陈策的目光,这才投向石床上那具已然僵硬的躯体。
范同死了,死得干脆,死得决绝,用最昂贵的毒药,给自己安排了一个充满诡谲与悬念的结局。
他临死前那句“棋局未完”,像一句恶毒的诅咒,又像一个冰冷的预言,伴随着这半张辽东舆图和看不懂的密绢,沉甸甸地压在了每个人心头。
“验尸记录做详细,尸体……”陈策顿了顿,“先存于冰窖,稍后处置。地牢内外,所有当值人员,隔离审查。昨夜至今,有任何异常,哪怕是一丝风声、一个可疑的影子,都必须报上来。”
“属下明白!”影七肃然应道。
陈策站起身,氅衣下摆拂过冰冷的地面。
他最后看了一眼范同,那个曾经掀起无数风波、几乎撼动东南半壁的阴谋家,如今也不过是一具逐渐冰冷、即将腐朽的皮囊。

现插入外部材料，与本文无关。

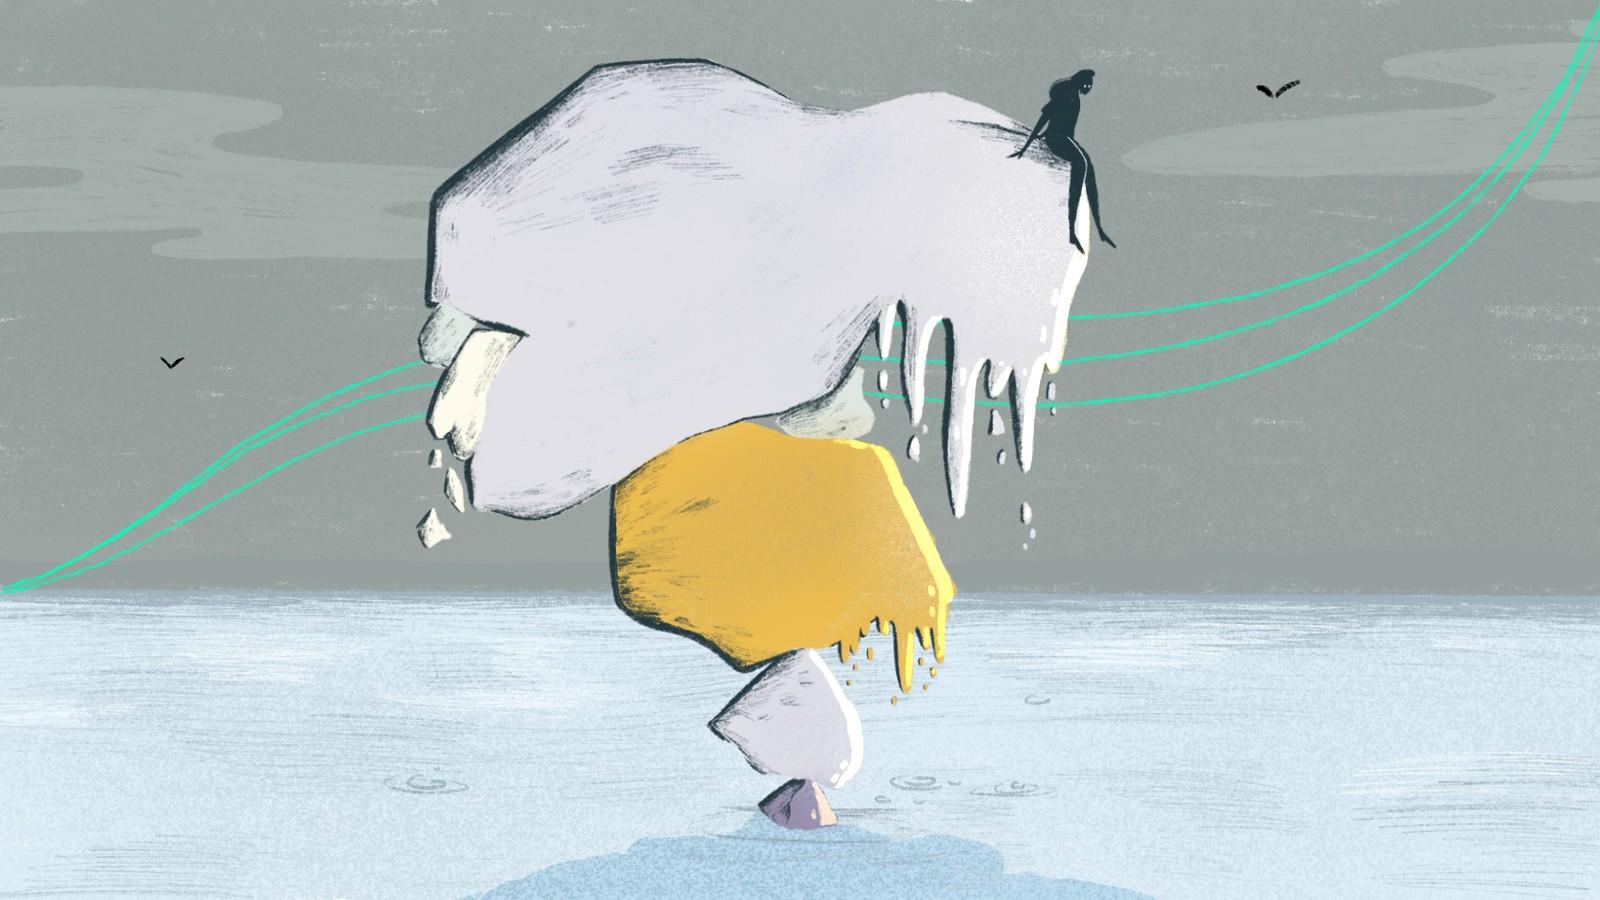 Wanneer bereiken we het punt dat de ijskappen onomkeerbaar smelten?

然而,他留下的迷雾,却比他的尸体更加沉重,更加危险。
“我们回去。”他对身旁一直沉默的阿丑道。
阿丑上前扶住他。
她的手很稳,但陈策能感觉到她指尖微微的凉意。
走出地牢,重新沐浴在清晨微凉却清新的空气中,阳光有些刺眼。
陈策闭上眼,深吸了一口气,将肺腑间那股阴寒甜腥的气息驱散。